The proposed method relies on certain reference structures, such as the spinous process, to be correctly segmented in US. This makes our method prone to errors if these structures are absent in the input PC or wrongly segmented. Furthermore, the scope of our study was limited by the size of our dataset. While our research successfully demonstrated a proof of concept, a more comprehensive evaluation of the proposed method’s capabilities necessitates a larger dataset, in particular paired US/CT patient data. A broader, large-scale study would provide a more thorough understanding of the method’s performance across diverse scenarios, such as pathologies, different US acquisition protocols or quality, and further validate its effectiveness.

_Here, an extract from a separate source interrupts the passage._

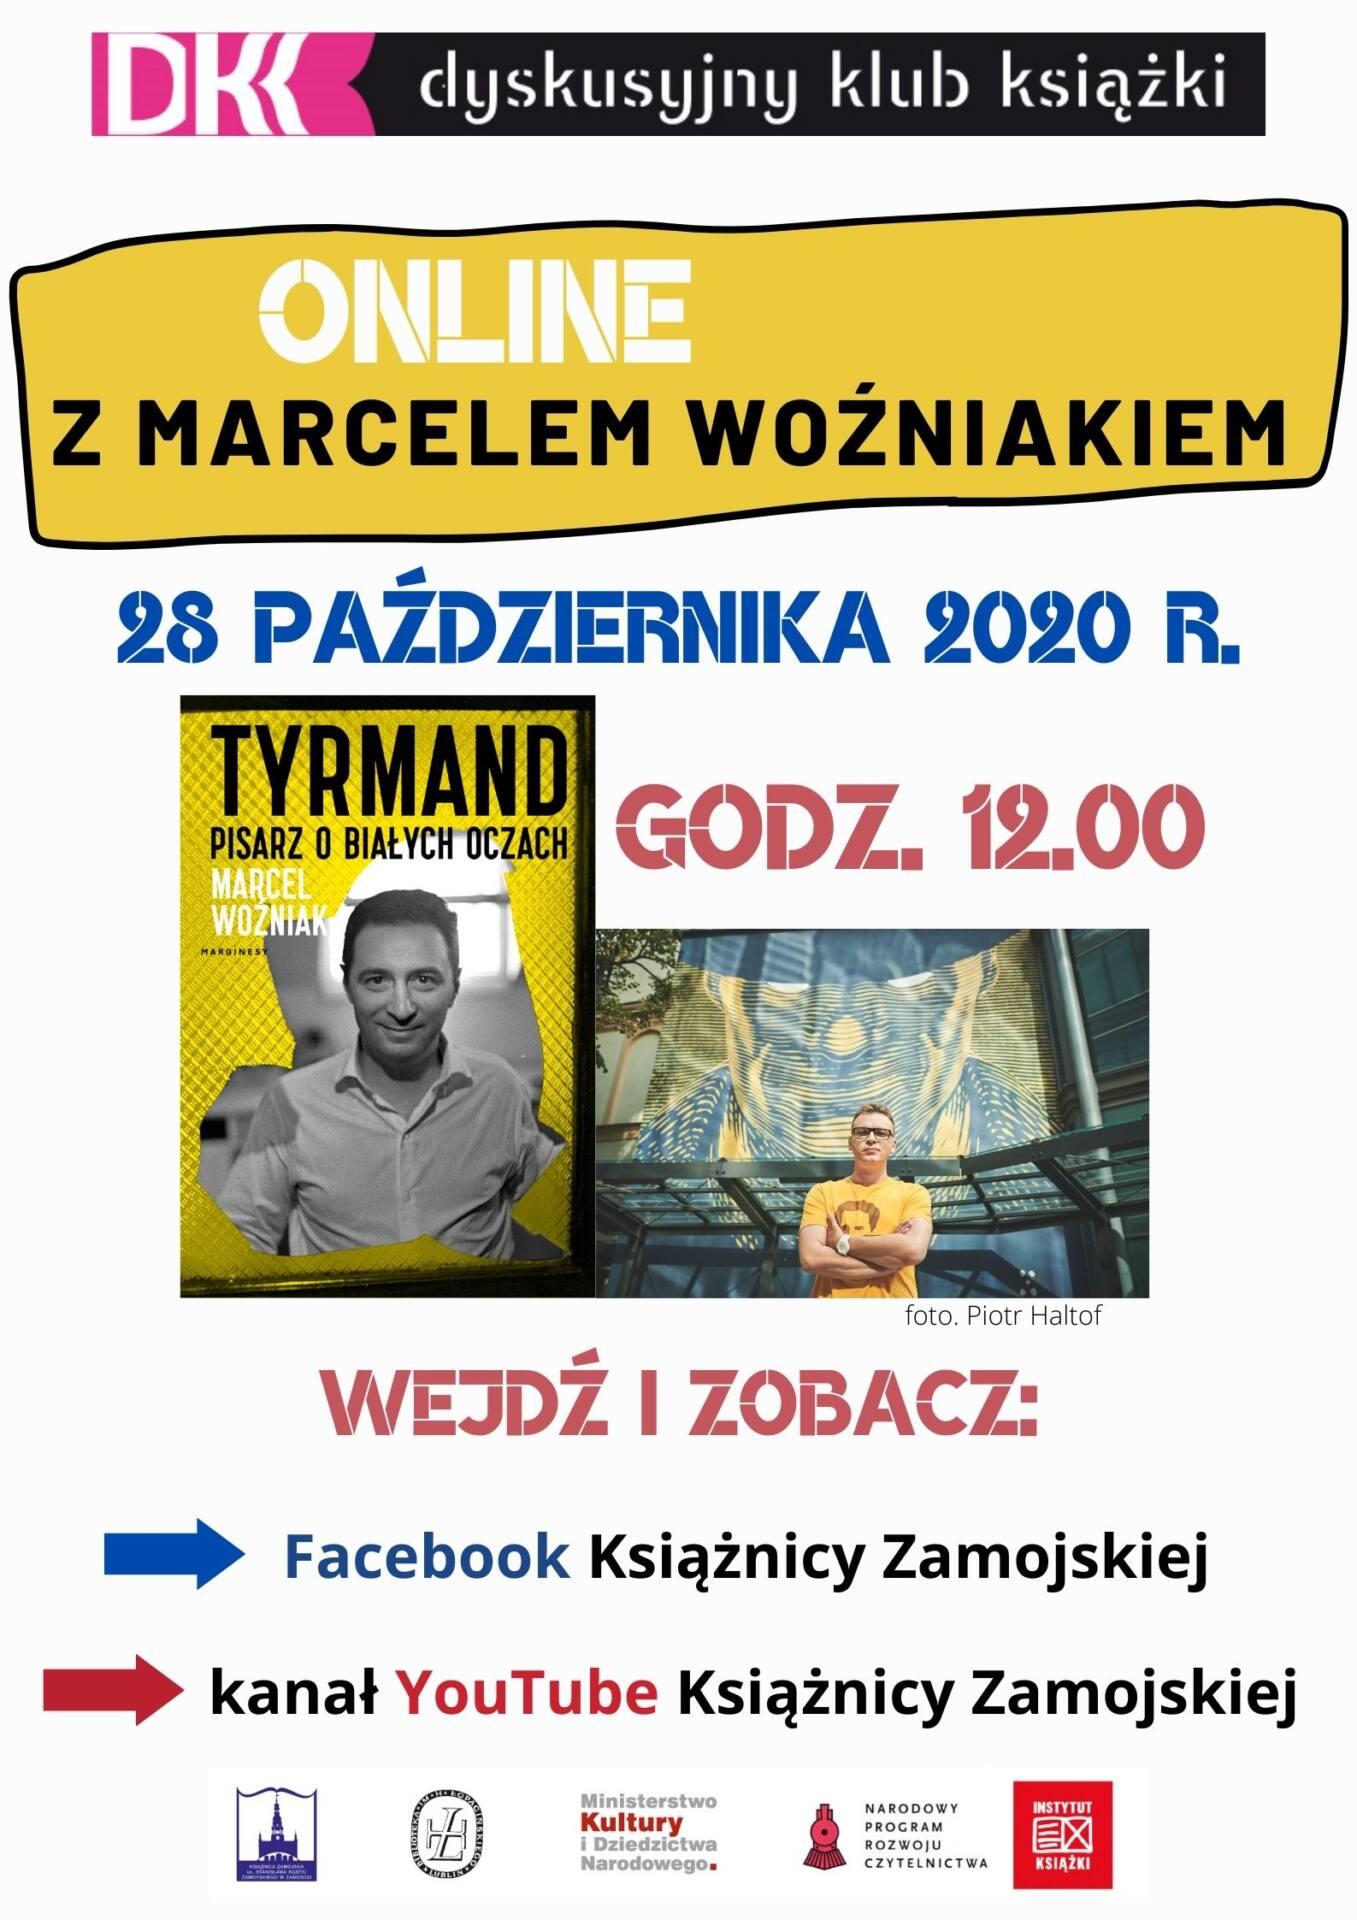 2 wozniak dkk wrzesien2020 Spotkanie online z Marcelem Woźniakiem. Książnica Zamojska zaprasza

In conclusion, the proposed method improves the interpretation of US images by enhancing the visualization of anatomical structures in US scans. Mimicking how clinicians envision 3D anatomy, it incorporates prior knowledge of the shape of the target structures, and considers the physics of US imaging. In clinical practice, this technology could facilitate experts to rapidly and intuitively gain better understanding of the anatomy without the need for additional imaging modalities. As an exemplary application, our method completes occluded vertebrae in US spine scans. We show that using synthetic 3D spinal views that consider the nature and artifacts of US imaging for training yields a model that provides consistent results on synthetic and clinical data. Notably, our approach maintains crucial anatomical landmarks in 3D completion, like the spinous process and the facet joints. Overall, this work shows a high potential for detailed lumbar vertebrae visualization and, ultimately, a path to explore toward the replacement of X-ray imaging for spine diagnosis and intervention.

Supplementary information An accompanying PDF file containing additional figures, comprehensive result visualizations, and detailed algorithm descriptions is available online alongside our main article.